Burak Kocak, Tugba Akinci D'Antonoli, Nathaniel Mercaldo, Angel Alberich-Bayarri, Bettina Baessler, Ilaria Ambrosini, Anna E Andreychenko, Spyridon Bakas, Regina G H Beets-Tan, Keno Bressem, Irene Buvat, Roberto Cannella, Luca Alessandro Cappellini, Armando Ugo Cavallo, Leonid L Chepelev, Linda Chi Hang Chu, Aydin Demircioglu, Nandita M deSouza, Matthias Dietzel, Salvatore Claudio Fanni, Andrey Fedorov, Laure S Fournier, Valentina Giannini, Rossano Girometti, Kevin B W Groot Lipman, Georgios Kalarakis, Brendan S Kelly, Michail E Klontzas, Dow-Mu Koh, Elmar Kotter, Ho Yun Lee, Mario Maas, Luis Marti-Bonmati, Henning Müller, Nancy Obuchowski, Fanny Orlhac, Nikolaos Papanikolaou, Ekaterina Petrash, Elisabeth Pfaehler, Daniel Pinto Dos Santos, Andrea Ponsiglione, Sebastià Sabater, Francesco Sardanelli, Philipp Seeböck, Nanna M Sijtsema, Arnaldo Stanzione, Alberto Traverso, Lorenzo Ugga, Martin Vallières, Lisanne V van Dijk, Joost J M van Griethuysen, Robbert W van Hamersvelt, Peter van Ooijen, Federica Vernuccio, Alan Wang, Stuart Williams, Jan Witowski, Zhongyi Zhang, Alex Zwanenburg, Renato Cuocolo
Insights Imaging . 2024 Jan 17;15(1):8. doi: 10.1186/s13244-023-01572-w.
Purpose: To propose a new quality scoring tool, METhodological RadiomICs Score (METRICS), to assess and improve research quality of radiomics studies.

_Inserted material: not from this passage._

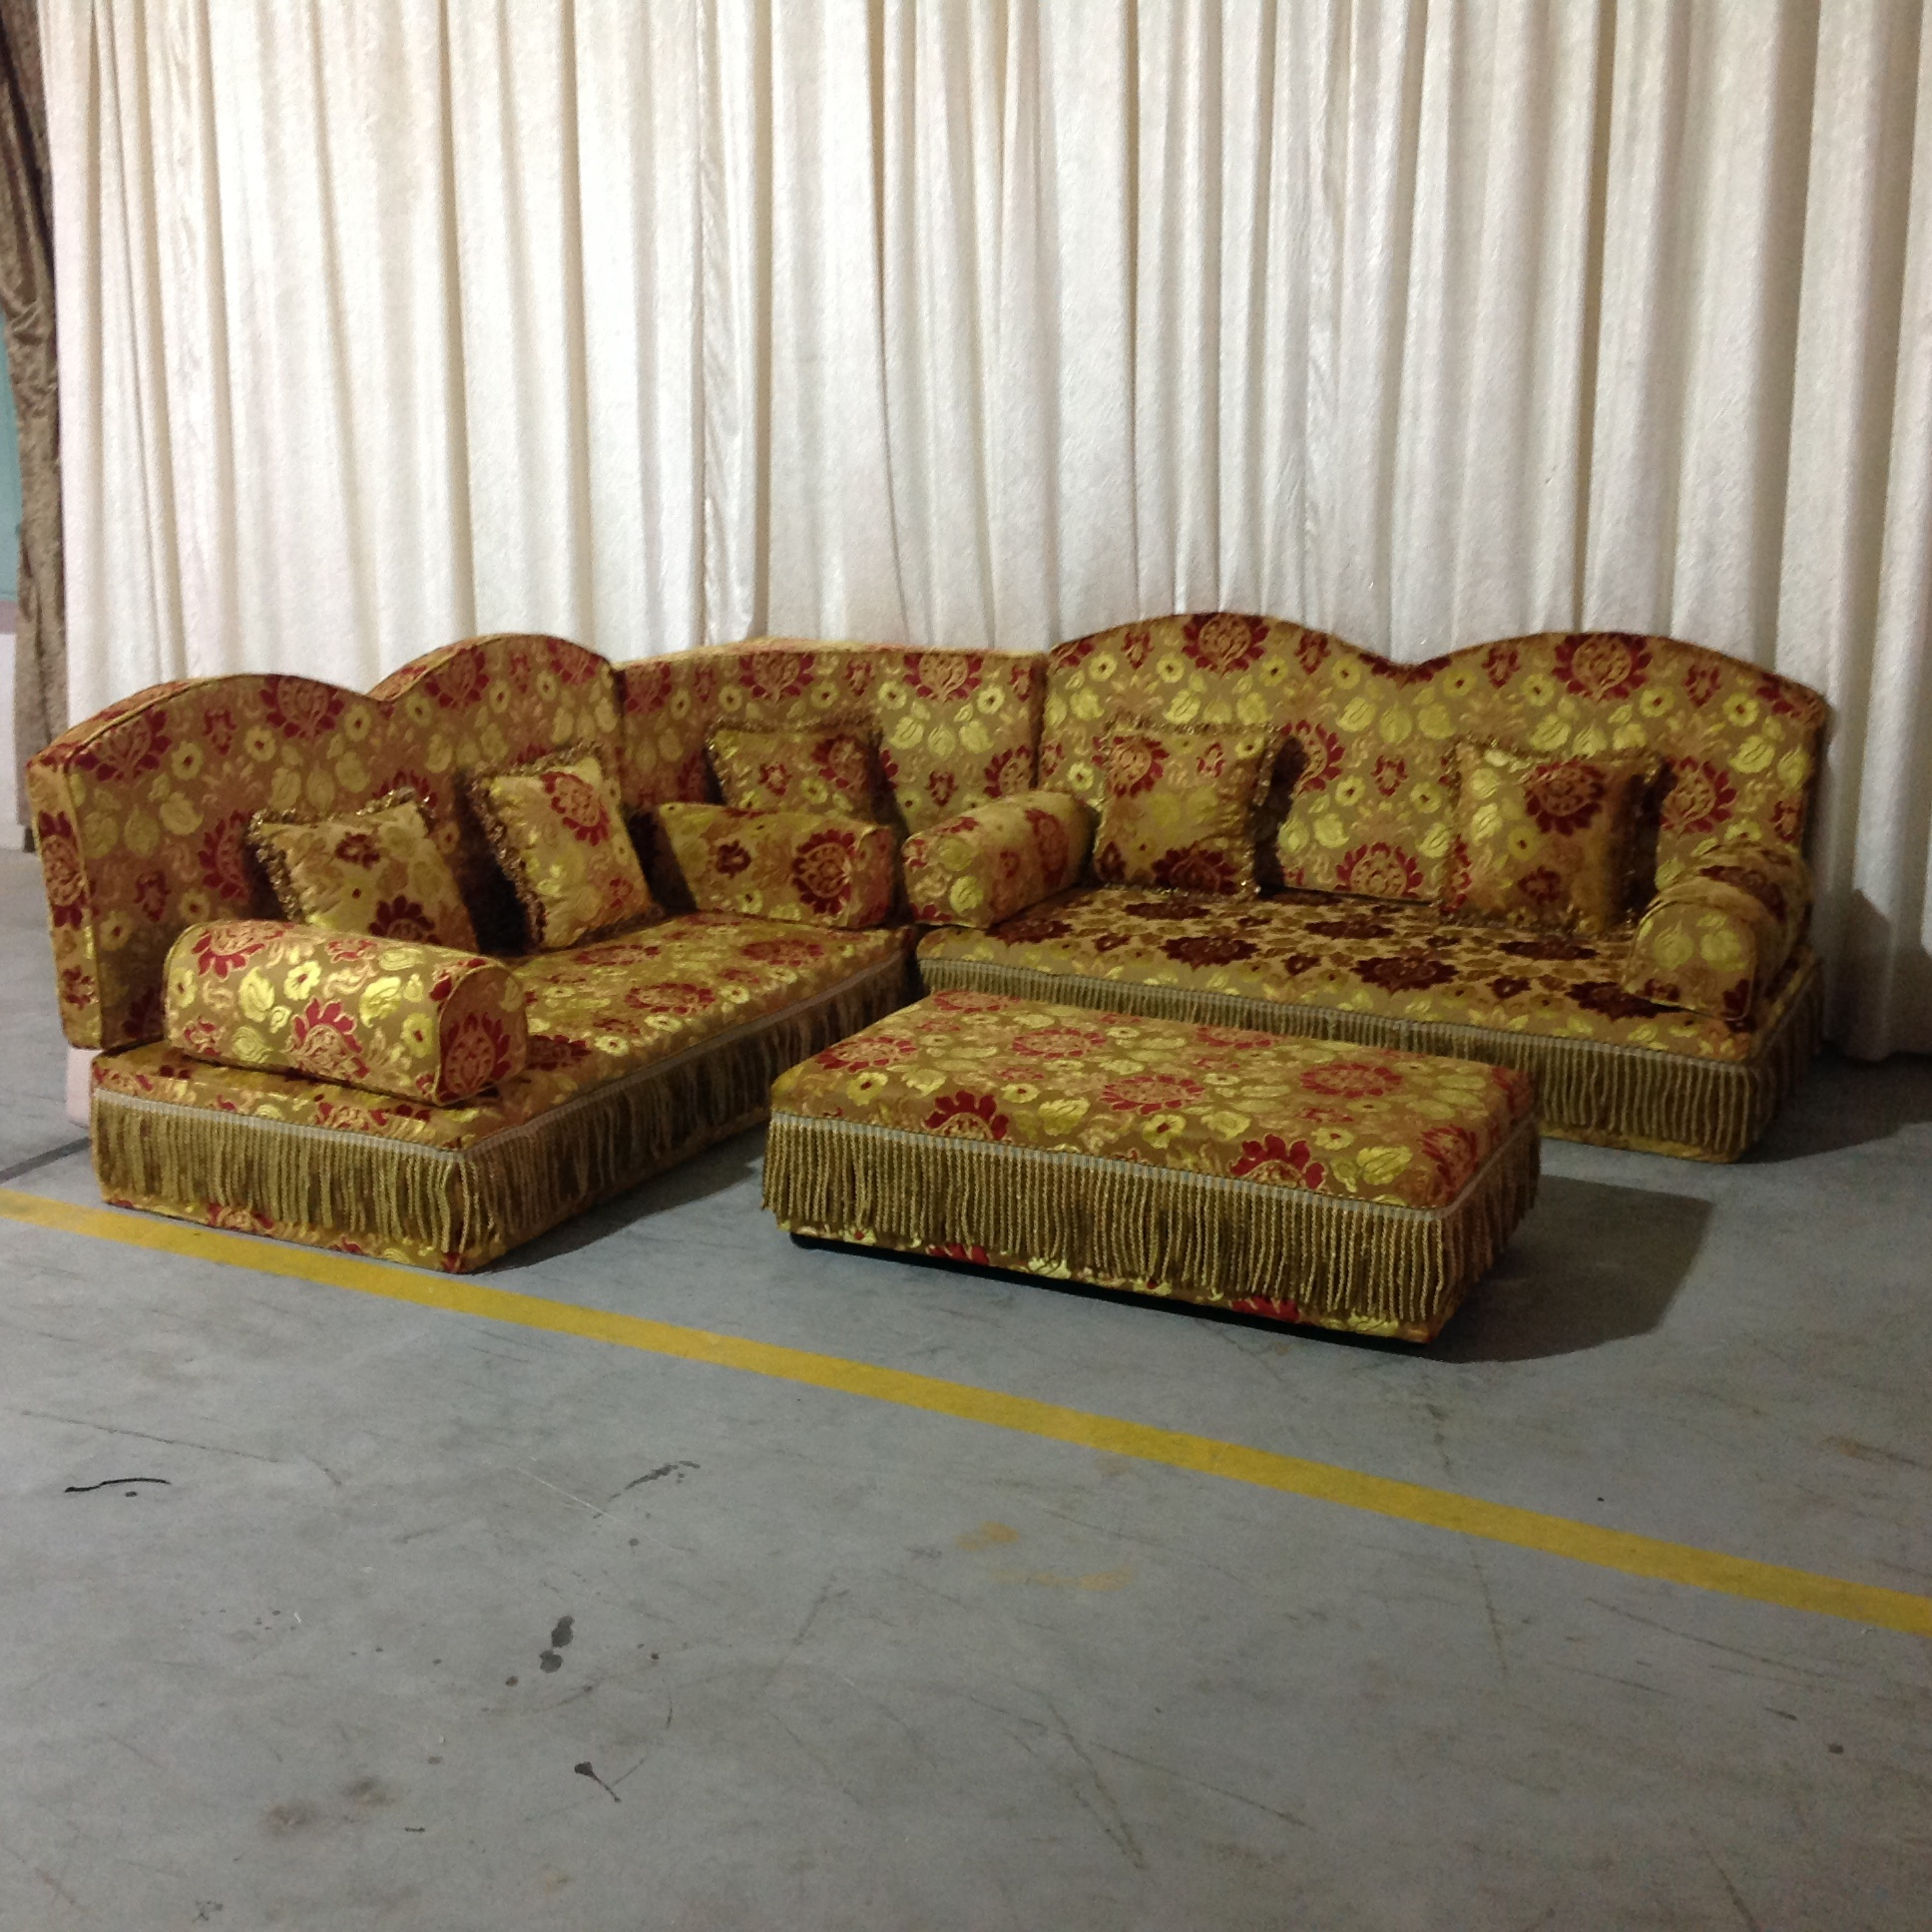 Prime Danxueya Arabic Sofa Sets Arab Floor Sofa Majlis Saudi Arabia Sofa Buy Arabic Sofa Sets Arab Floor Sofa Majlis Saudi Arabia Sofa Product On Machost Co Dining Chair Design Ideas Machostcouk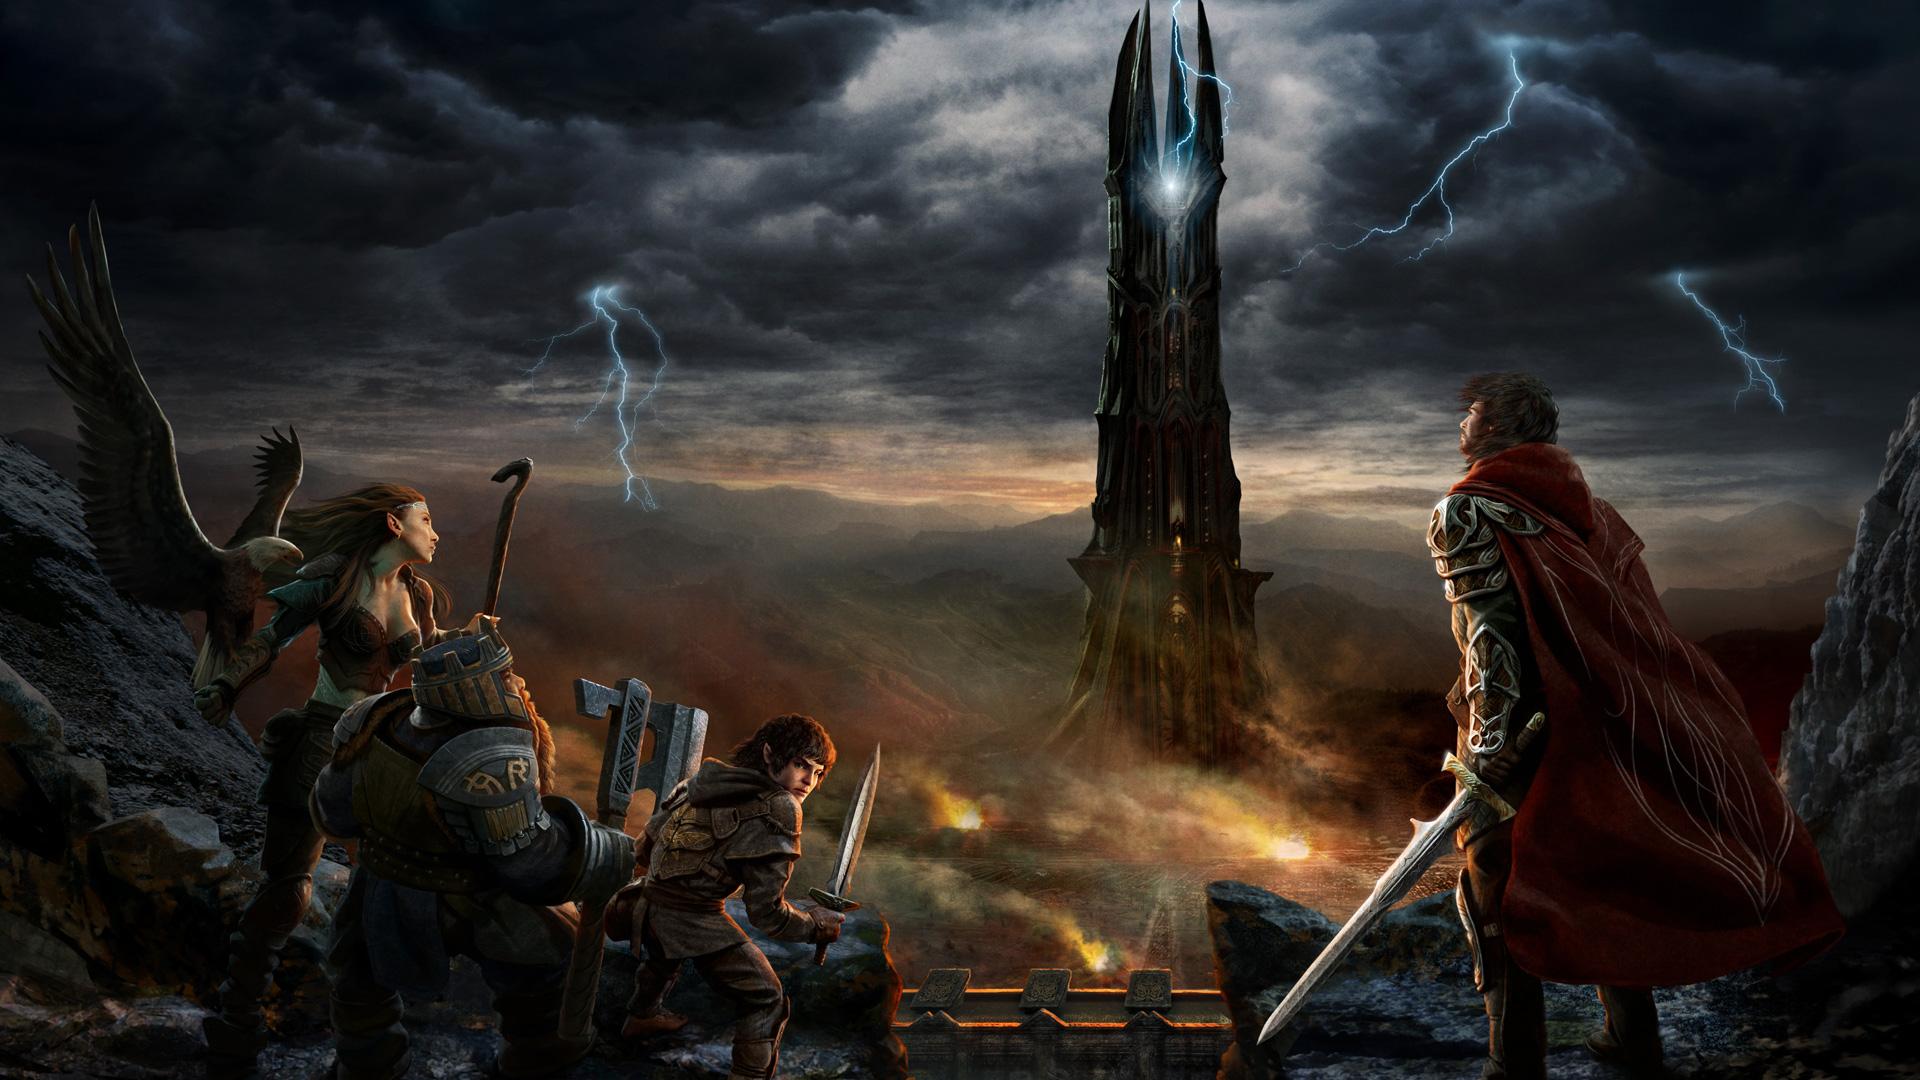 Lord Of The Rings HD-wallpaper-30.jpg

Methods: We conducted an online modified Delphi study with a group of international experts. It was performed in three consecutive stages: Stage#1, item preparation; Stage#2, panel discussion among EuSoMII Auditing Group members to identify the items to be voted; and Stage#3, four rounds of the modified Delphi exercise by panelists to determine the items eligible for the METRICS and their weights. The consensus threshold was 75%. Based on the median ranks derived from expert panel opinion and their rank-sum based conversion to importance scores, the category and item weights were calculated.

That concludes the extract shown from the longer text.